• [大数据学习研究] 4. Zookeeper-分布式服务的协同管理神器


    本来这一节想写Hadoop的分布式高可用环境的搭建,写到一半,发现还是有必要先介绍一下ZooKeeper这个东西。

    ZooKeeper理念介绍

    ZooKeeper是为分布式应用来提供协同服务的,而且ZooKeeper本身也是分布式的,由分布在至少三台机器上,这几台机器形成一个Quorum,就像一个剧团一样。这个团里有个团长,就是leader的角色,其他的是follower。这个剧团里的每个人脑子里都记住同样的东西(ZooKeeper是基于内存的),并且及时和leader保持同步,所有client可连接任何一个server即可。剧团里的每个人都有一个编号myid。如果剧团里的leader挂断后,剩下的几个要重新选举出新的leader来确保服务正常运行。

    1. ZooKeepe的安装

    ZooKeeper的安装挺简单,就是解压,设置环境变量就可以了

    [root@hadoop100 bin]# tar -zxvf /opt/software/zookeeper-3.4.10.tar.gz -C /opt/modules/

    打开/ect/profile 编辑环境变量,加上下面的内容:

    #JAVA_HOME
    export JAVA_HOME=/opt/modules/jdk1.8.0_121
    export PATH=$PATH:$JAVA_HOME/bin
    
    #HADOOP_HOME
    export HADOOP_HOME=/opt/modules/hadoop-2.7.3
    export PATH=$PATH:$HADOOP_HOME/bin:$HADOOP_HOME/sbin
    
    #ZOOKEEPER
    export ZOOKEEPER_HOME=/opt/modules/zookeeper-3.4.10
    export PATH=$PATH:ZOOKEEPER_HOME/bin

    然后 source /ect/profile 让更改生效。记得用xsync 和xcall超级脚本,把更改同步到整个集群。

    [root@hadoop100 bin]# xsync /etc/profile
    [root@hadoop100 bin]# xcall source /etc/profile

    2. ZooKeeper的配置

    1. Zookeeper 需要一个data目录,用于存储zookeeper内存数据库的镜像和日志。然后更改zoo.cfg文件。ZooKeeper解压后提供了一个/opt/modules/zookeeper-3.4.10/conf/zoo_sample.cfg文件,把这个复制一下或者改个名字叫zoo.cfg, 修改一下里面的dataDir的指向。

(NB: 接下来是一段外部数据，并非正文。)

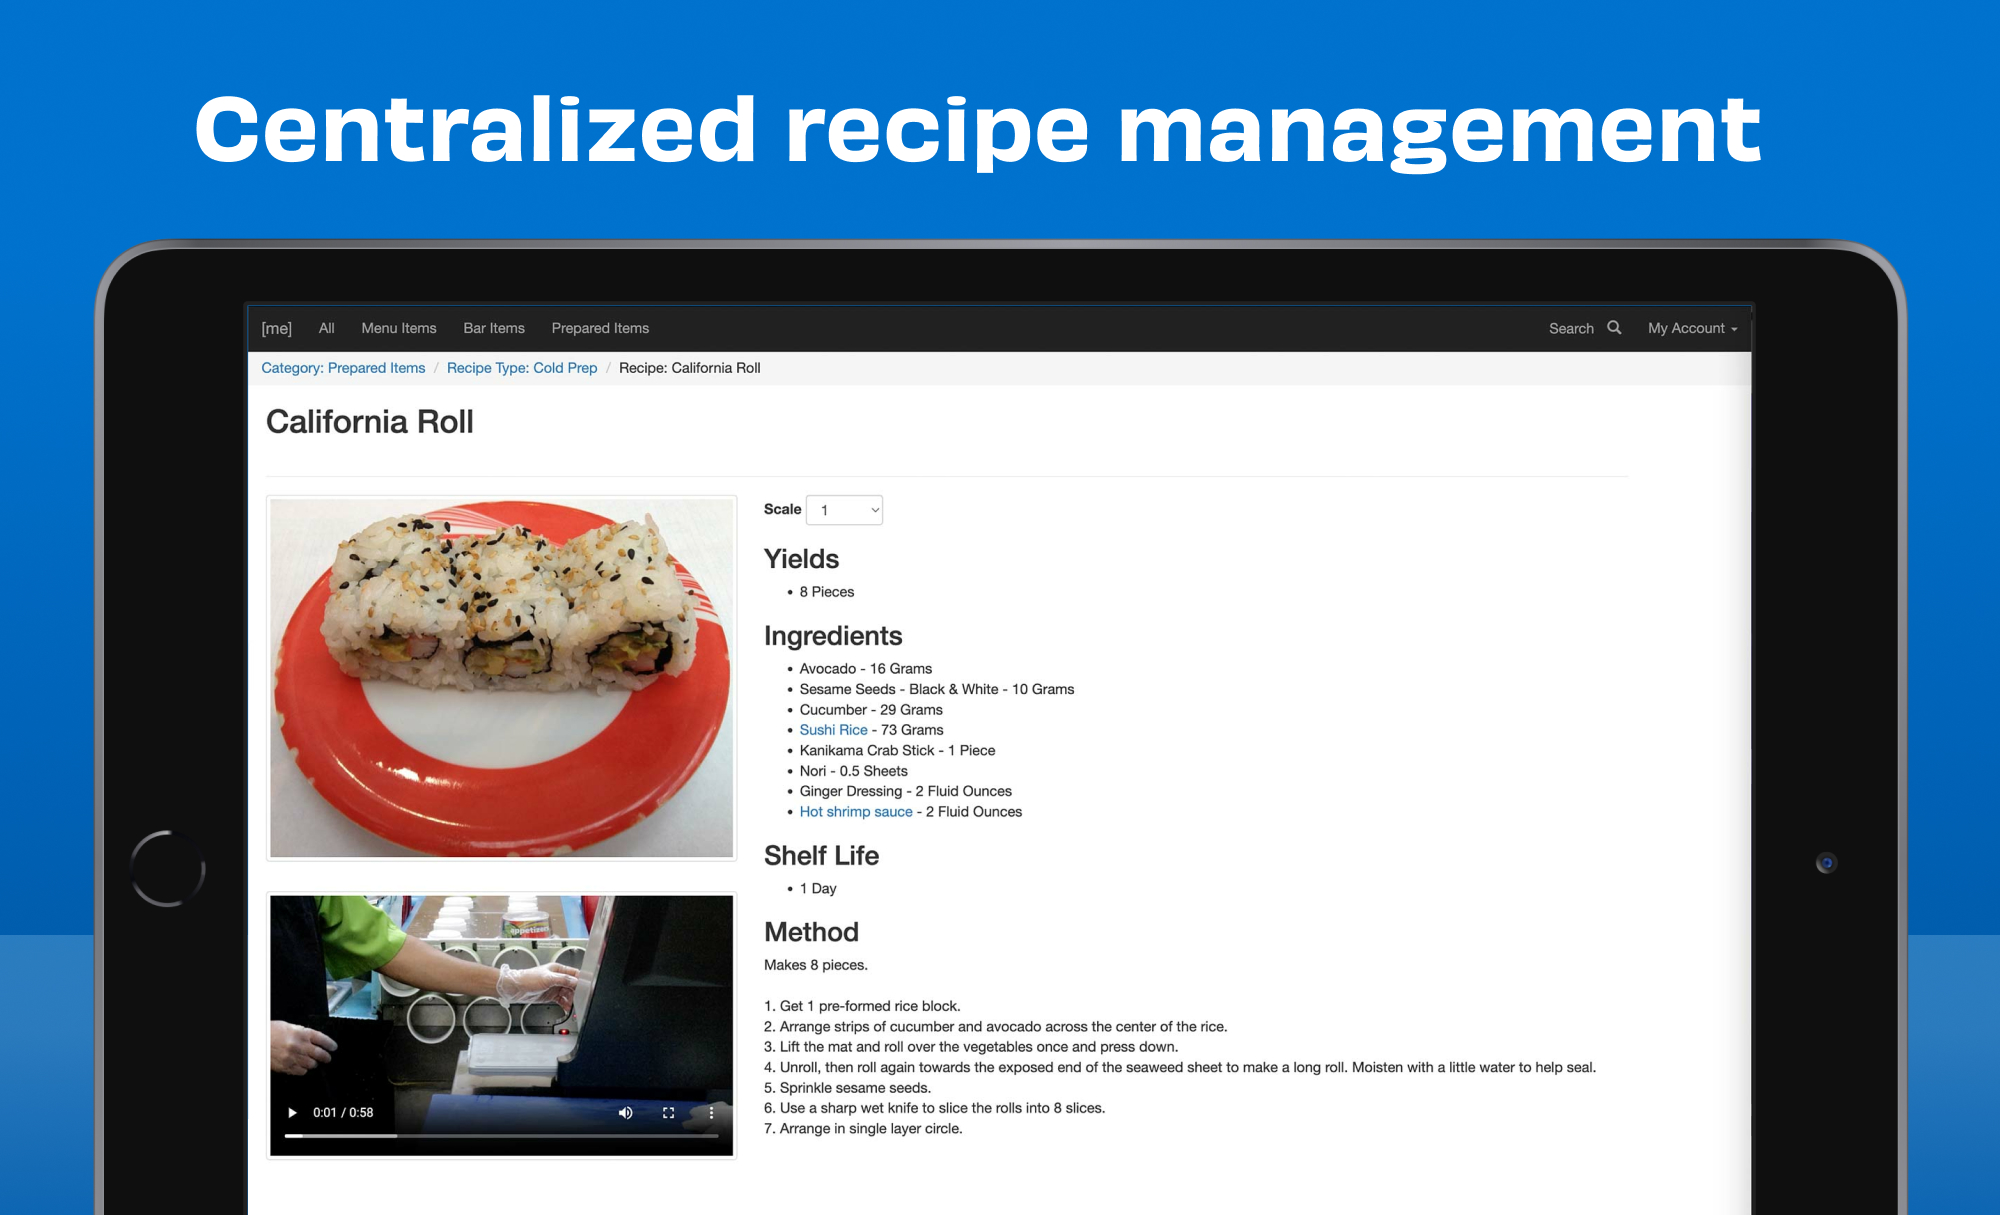 MarginEdge’s recipe management is a centralized solution that calculates plate costs, automatically updates ingredient prices for you, and provides a single, shared playbook for your entire team, even if you have multiple locations.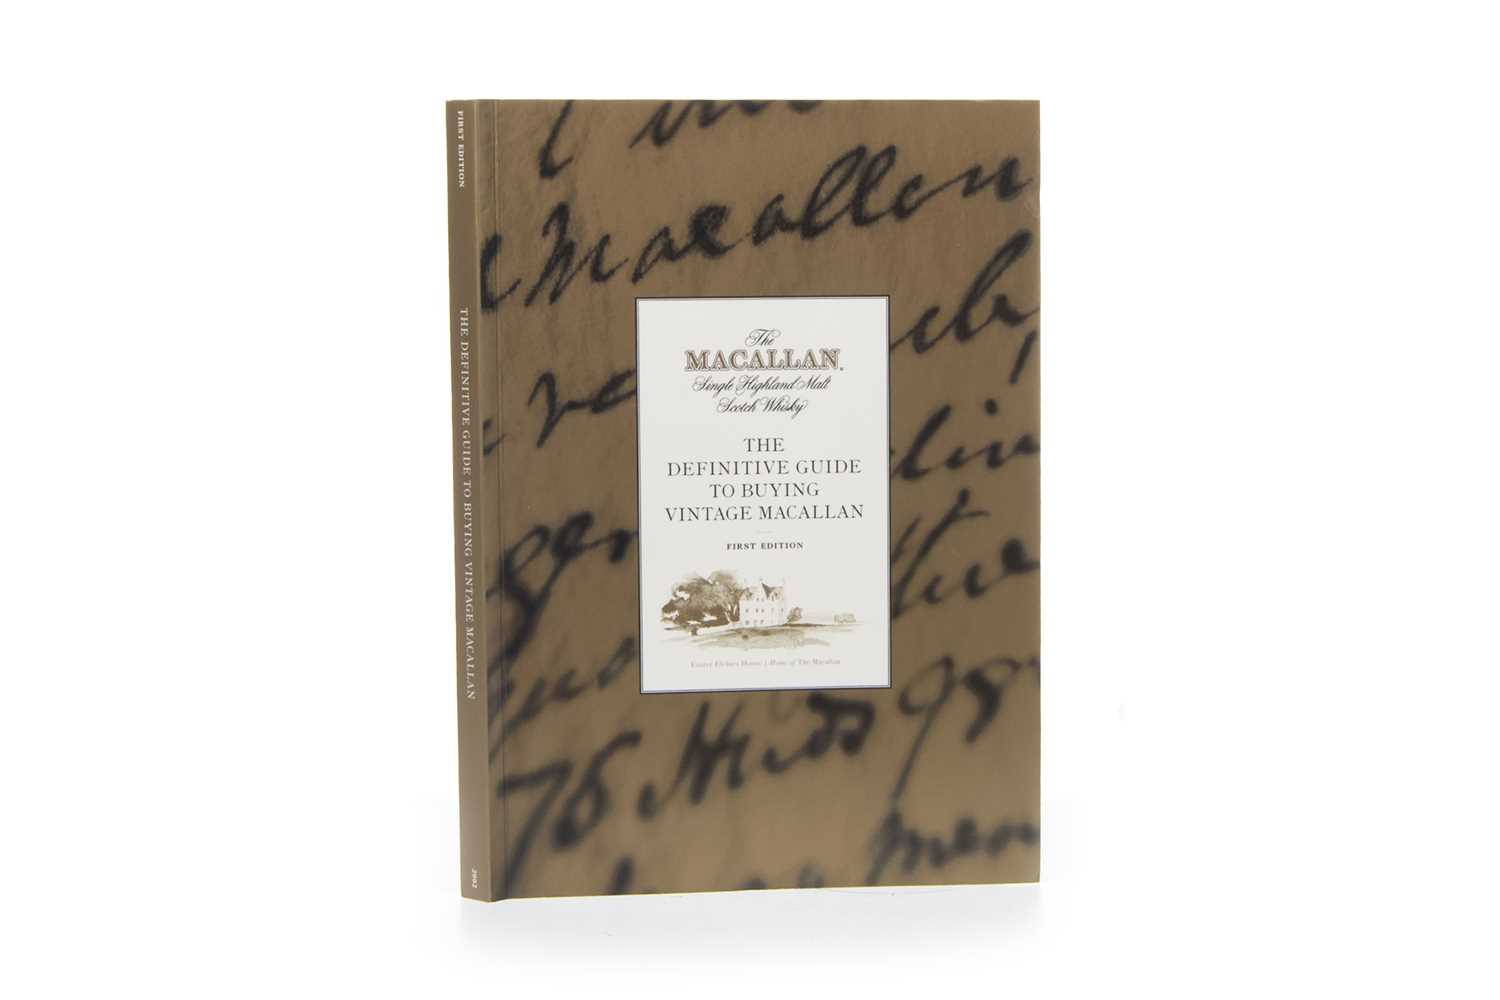 Lot 33 - THE DEFINITIVE GUIDE TO BUYING VINTAGE MACALLAN - FIRST EDITION

    # The number of milliseconds of each tick
    tickTime=2000
    # The number of ticks that the initial
    # synchronization phase can take
    initLimit=10
    # The number of ticks that can pass between
    # sending a request and getting an acknowledgement
    syncLimit=5
    # the directory where the snapshot is stored.
    # do not use /tmp for storage, /tmp here is just
    # example sakes.
    dataDir=/opt/modules/zookeeper-3.4.10/zkData
    # the port at which the clients will connect
    clientPort=2181
    # the maximum number of client connections.
    # increase this if you need to handle more clients
    #maxClientCnxns=60
    #
    # Be sure to read the maintenance section of the
    # administrator guide before turning on autopurge.
    #
    # http://zookeeper.apache.org/doc/current/zookeeperAdmin.html#sc_maintenance
    #
    # The number of snapshots to retain in dataDir
    #autopurge.snapRetainCount=3
    # Purge task interval in hours
    # Set to "0" to disable auto purge feature
    #autopurge.purgeInterval=1
    ~

    要搭建ZooKeeper的机器环境,zookeeper服务器的数量应该是奇数台。最少要3台。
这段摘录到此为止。